State Supreme Court hears arguments in controversial state pension fund case


Thousands of teachers, police, and other government workers could see some pay cuts restored if the Florida Supreme Court agrees with a lower court ruling over state pensions.

Herald/Times Tallahassee Bureau

The Florida Supreme Court heard oral arguments Friday in a case that could determine whether state legislators face another $2 billion budget hole next year, or state workers will see their salary cuts retained.

The lawsuit, Scott v. Williams, was filed by the Florida Education Association after lawmakers passed, and Gov. Rick Scott signed, a 2011 law that imposed a 3 percent levy on 623,000 government worker salaries to offset the state’s investment into the Florida Retirement System.

Lawmakers argued at the time that the change was needed to fill a $3.6 billion budget gap and bring Florida in line with 47 states that require their government workers to contribute to their pension plans. The savings was then plowed back into the budget, not into the retirement fund.

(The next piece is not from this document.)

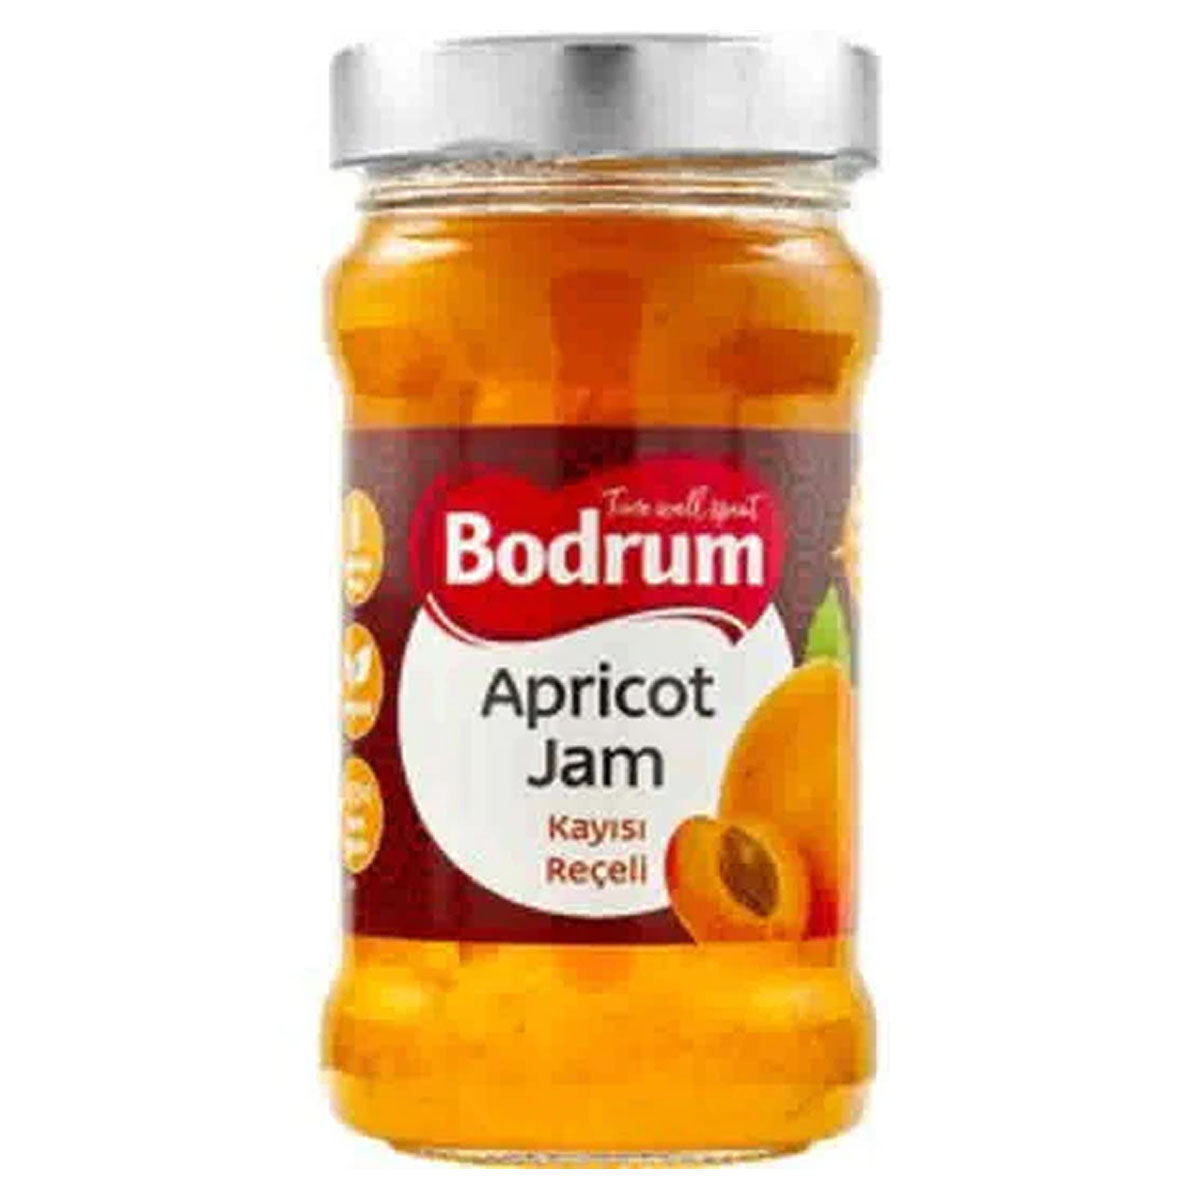 Bodrum - Apricot Jam - 380g - Continental Food Store

But Leon County Circuit Court Judge Jackie Fulford ruled earlier this year that the pension changes were unconstitutional because the changes impaired the contractual rights of the FRS employees, took private property without full compensation and impaired employee collective bargaining rights. She ordered the state to halt the practice and reimburse workers with interest.

Attorney General Pam Bondi and Republican legislative leaders immediately challenged the ruling and continued collecting money from employee payments. It is now up to the court to decide but a decision could take months.

If the seven justices uphold the lower court ruling, state and local governments will have to reimburse active workers in the Florida Retirement System and cover the resulting hole in their budgets. The state has already taken more than $900 million from employees and are expected to take up to $2 billion by June 30, 2013, the end of the state’s current fiscal year. State economists have predicted that revenues appear to be meeting expectations and, for the first time in years, legislators may not face another year of belt tightening.

If the court upholds the ruling, employees could see a 3 percent increase in their paychecks and cost of living adjustments could be resumed.

Justice Charles Canady, appointed to the court by former Gov. Charlie Crist, seemed to sympathize with the state.

“The whole state budget will be thrown out of balance,’’ he said.

The teacher’s union lawyer, Ron Meyer, argued that Canady was “making assumptions that are not part of the case here.” He said it was unlawful for the Legislature to impose the change on employees currently working for state and local governments without winning approval for the change in collective bargaining negotiations.

“We believe you can’t change the game in the middle of the game,’’ he said.

Arguing for the state was former Supreme Court Justice Raoul Cantero, now a lawyer from Miami. He cited a 1981 Florida Supreme Court case, Florida Sheriff’s Association v. Department of Administration, as the rationale for allowing it to change retirement benefits going forward and argued that if the lower court ruling is allowed to stand it “would handcuff the Legislature’s response to changing financial circumstances.”

He said it would be practically impossible for the Legislature to negotiate with 11 state bargaining units and dozens more at the local level.

Canady was not the only justice skeptical of the union’s argument, however, during the 45-minute hearing. Justice Barbara Pariente also wondered how it could be lawful for the Legislature to increase retirement benefits without collective bargaining approval.

“Why would the Legislature bind itself forever, no matter what the budget crisis was, to a plan that could not decrease benefits but only increase it?” she asked.

Meyer responded that it was a policy decision lawmakers made in 1974 when first agreed to make the FRS a non-contributory system in 1974. He said “they can’t repeal a contractual right” retroactively but can only apply the contribution requirement to future employees. He also argued that the court should reject the decision from the 1981 court case.

“The contract says you have a right to a non-contributory system and you can’t take that right away,’’ he said.

The exchanges prompted Scott’s general counsel Jesse Panuccio to predict the high court will side with the state.

“We think pretty strongly the law is on our side and this change will be upheld,” he said.

But Meyer warned that if the court upholds the law, it will violate the collective bargaining protections in the state Constitution. “It’s well settled law that you can bargain over retirement systems,’’ he said. He rejected Cantero’s argument that it is impractical for lawmakers to negotiate with many bargaining units.

“Just because it’s difficult to implement a constitutional right doesn’t mean that you get away with not implementing it,’’ he said.